When Nell’s footsteps had faded into the distance, Emma tried again. “Grayson—about last night. I can’t tell you how sorry I am. My behavior was inexcusable and I apologize.”
“Oh, I don’t know....” Grayson leaned back against the banister and sighed. “Had it coming, I suppose.”
“That may be true,” Emma said, “but it shouldn’t have come from me.”
The duke smiled wryly. “I’ve gotten plenty of it from Kate since then.
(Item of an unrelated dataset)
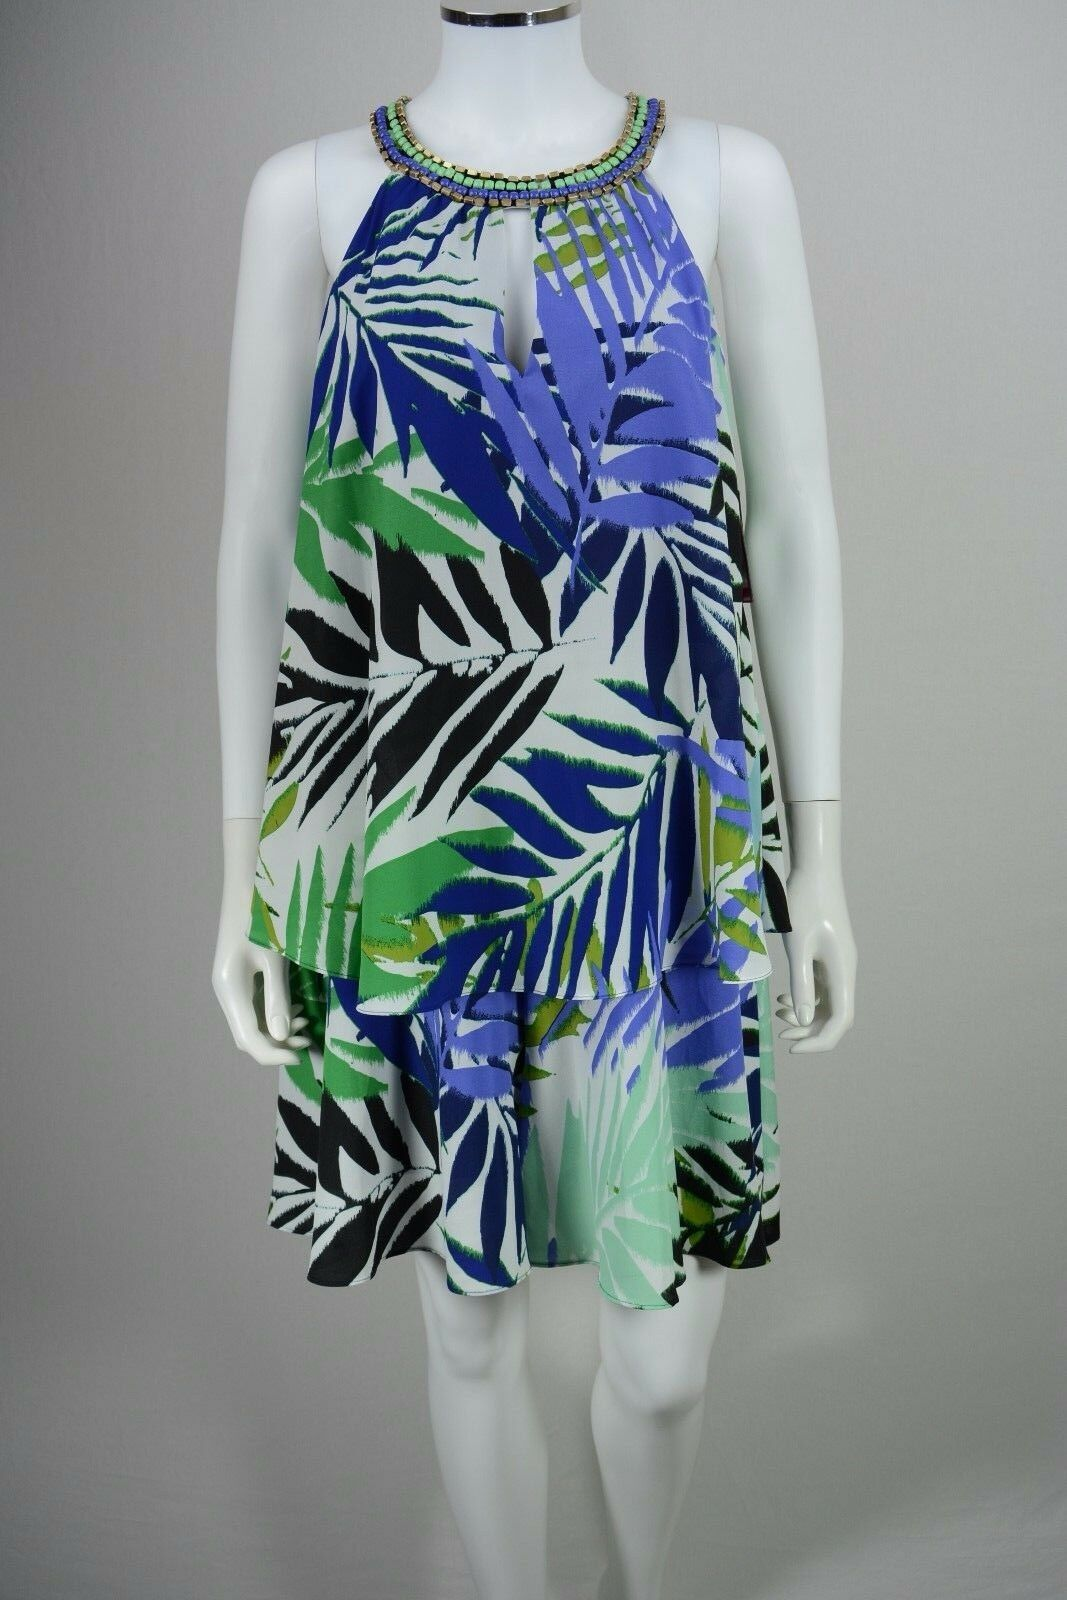 Women's Vince Camuto size 8 bluee Floral Beaded Halter Romper Skort Dress NWT

Kate and everyone else. Even Crowley, preoccupied as he is, found time to sniff disapprovingly in my direction when I stopped by to look in on Mattie. But, then, Kate always was his great favorite.”
“How’s Mattie doing?” Emma asked.
Grayson’s smile faded and his brown eyes clouded over. “Time will tell,” he replied gravely. “Dr. Singh believes that she’ll recover from her physical injuries readily enough, but as for the rest ...” Grayson sank down onto the stairs, as though too burdened by misery to consider finding a more comfortable spot. “It’s my fault, of course. I can’t help thinking that, had I been more welcoming to Susannah—”
“Hold on a minute, Grayson.” The birdcage arbor would have to wait. Emma looked down at the duke’s slumping shoulders and remembered the way he’d showered the staff with praise for creating Lex Rex, shrugging off his own contributions. The duke’s generous nature seemed reserved for others; he kept all the blame for himself.
“Before you start the mea culpas, may I remind you of a few things?” Emma sat beside Grayson on the steps, rested her hands on the padded knees of her gardening trousers, and regarded the duke with sympathetic eyes. “I don’t mean to speak ill of the ... ill, but Susannah did show up here without an invitation. She used a very tenuous family connection to move herself and her manager into your home for an unspecified amount of time. While she was here, she hounded Derek and insulted your staff. She was rude, overbearing, and malicious, and her sole purpose in coming here was to ruin you because of something your father did. I’m not saying that Susannah deserved to be hit in the head with a grub hoe, but ...” Emma put her hand on the duke’s shoulder. “Under the circumstances, I’d say that you were more than gracious to your cousin.”